De leden van de CDA-fractie willen graag van de bewindspersonen weten of zij niet bang zijn dat met het invoeren van dit gedifferentieerde oordeel een tweedeling in het onderwijs ontstaat en scholen strenge eisen aan de instroom van leerlingen zullen stellen.

We verwachten niet dat scholen strenge toelatingseisen stellen om een goede waardering van de inspectie te krijgen. De reden hiervoor is dat de inspectie bij het waarderen van het onderwijs op de scholen rekening houdt met de achtergrond van de leerlingen en kijkt naar de brede onderwijskwaliteit op een school en niet alleen naar de leerresultaten van leerlingen. Zo zijn er ook nu al excellente scholen in achterstandswijken die juist met hun leerlingenpopulatie goede resultaten behalen. De inspectie zal hier in het (nieuwe) toezicht aandacht aan blijven besteden, om mogelijke misverstanden op dit vlak actief tegen te gaan. Het komende schooljaar zal de inspectie de voorbereidingen op de invoering van het vernieuwde toezicht per 1 augustus 2017 treffen, zowel intern (onder meer uitgebreide scholing inspecteurs, instrumentatie, interne bedrijfsvoering) als extern (zoals communicatie met besturen en scholen over consequenties, informatie over overgangsperiode, invoeringsproces).
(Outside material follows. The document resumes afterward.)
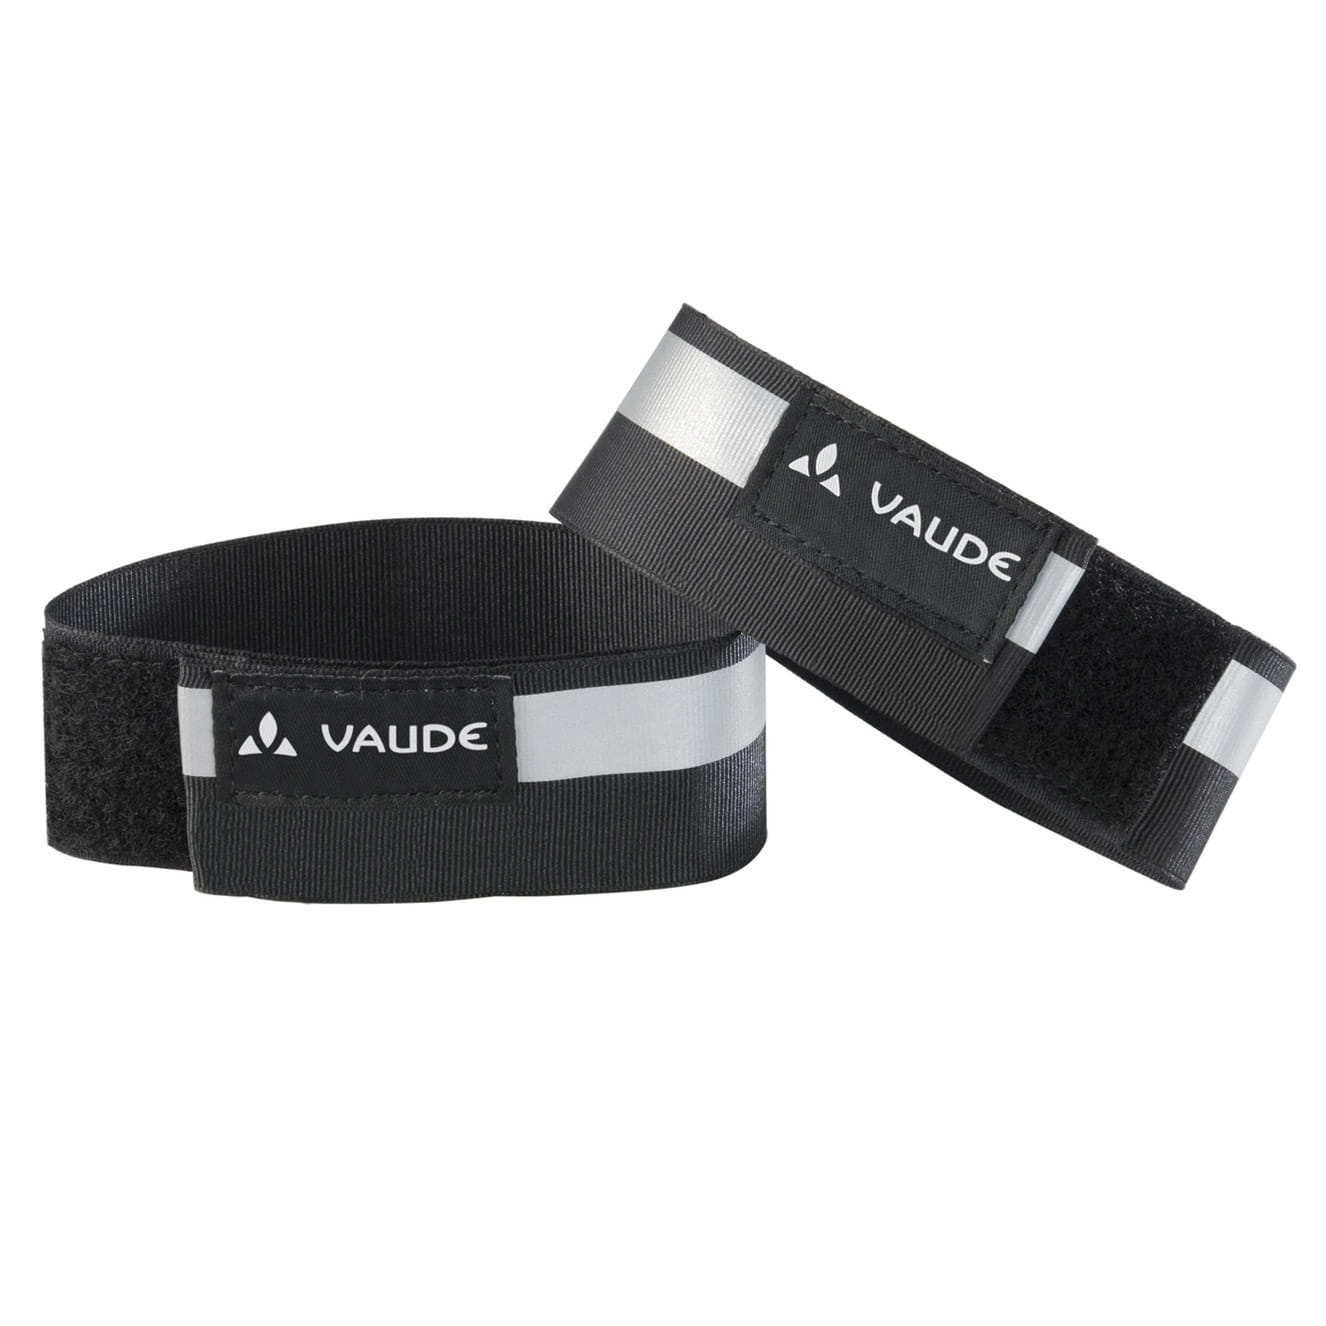 VAUDE Reflective cuffs Klett-Reflexband Hosenband Schwarz (Paar)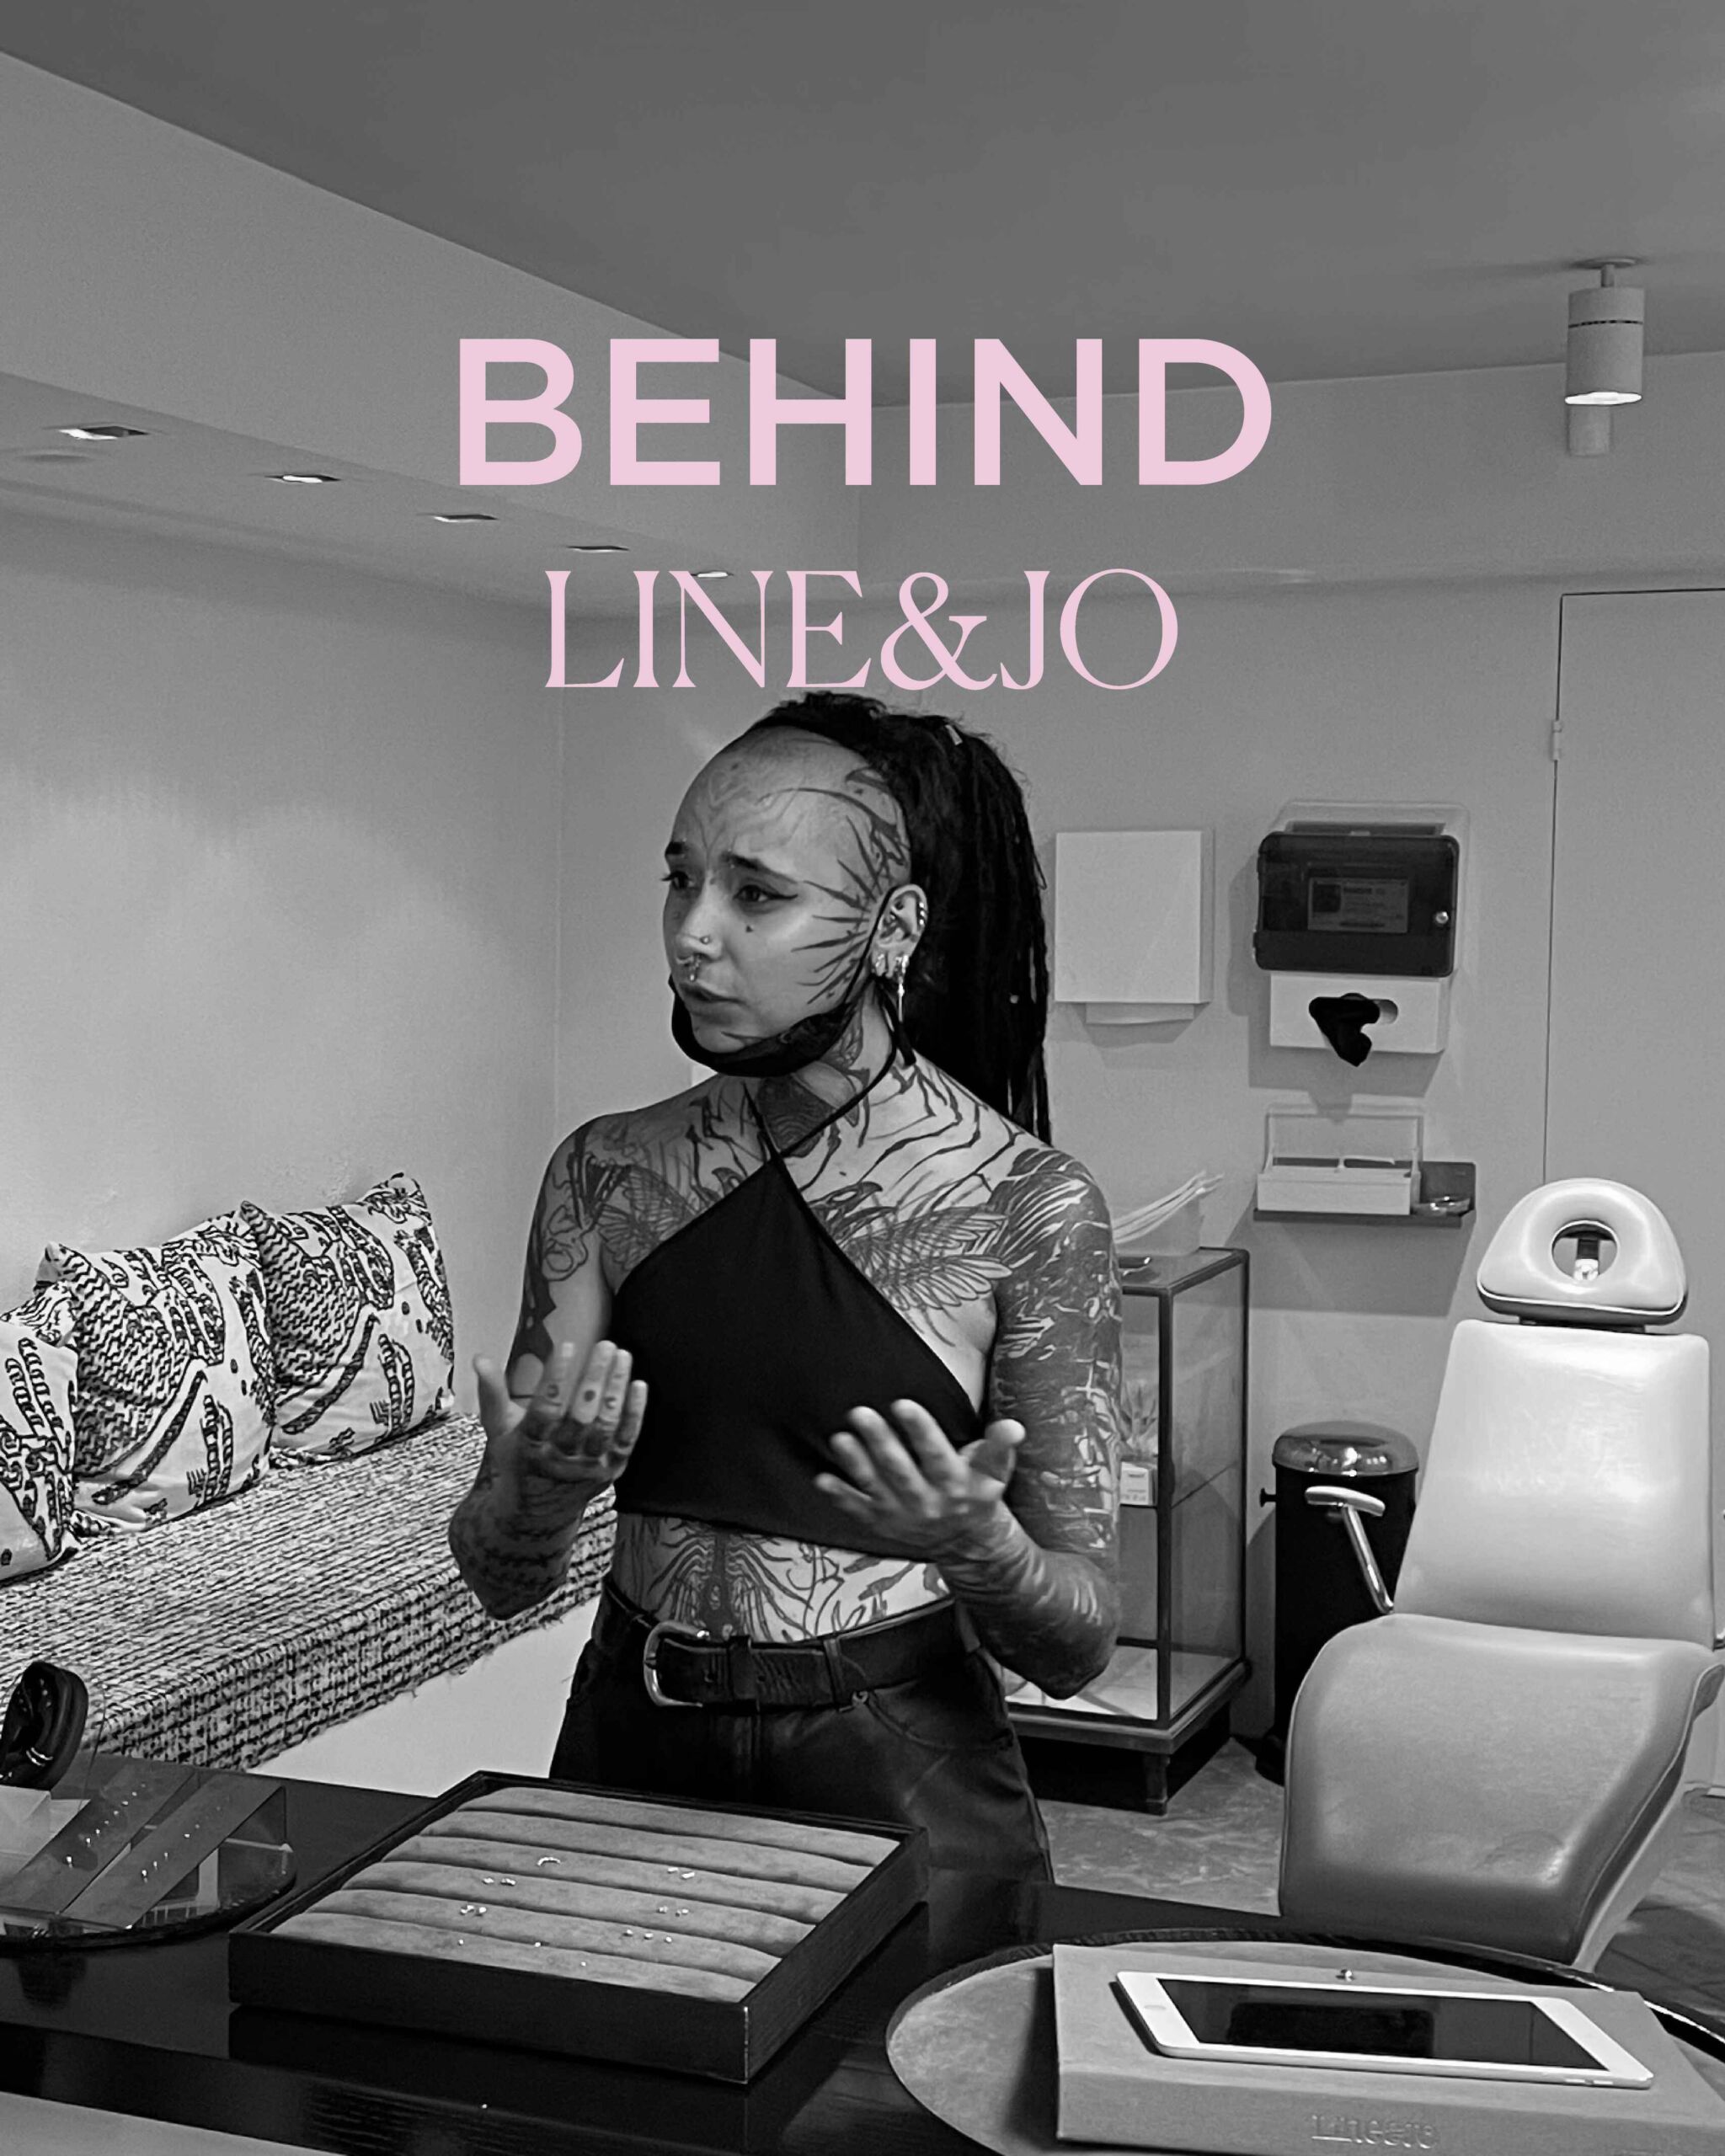 Behind LINE&JO: Head of piercings, Filipa

De leden van de CDA-fractie hebben vragen over de wijze waarop het onderscheid tussen de controlerende en de stimulerende taak in het toezichtkader wordt ingevuld, onder meer ten aanzien van het begrip «eigen aspecten van kwaliteit». In de initiatiefwet is hier een strikte scheiding in aangebracht, omdat de initiatiefnemers de mening zijn toegedaan dat de begrippen die in het toezichtkader worden gebruikt, een wettelijke basis moeten hebben. De begrippen «basiskwaliteit», «waarborgfunctie» en «waarderingskader» komen echter niet voor in de WOT. De leden van de CDA-fractie ontvangen graag een nadere toelichting waarom niet voor de term «indicatoren» is gekozen. Zij zijn van mening dat er verwarring kan ontstaan door het gebruik van het nieuw geformuleerde begrip «eigen aspecten van kwaliteit» in plaats van de term «indicatoren».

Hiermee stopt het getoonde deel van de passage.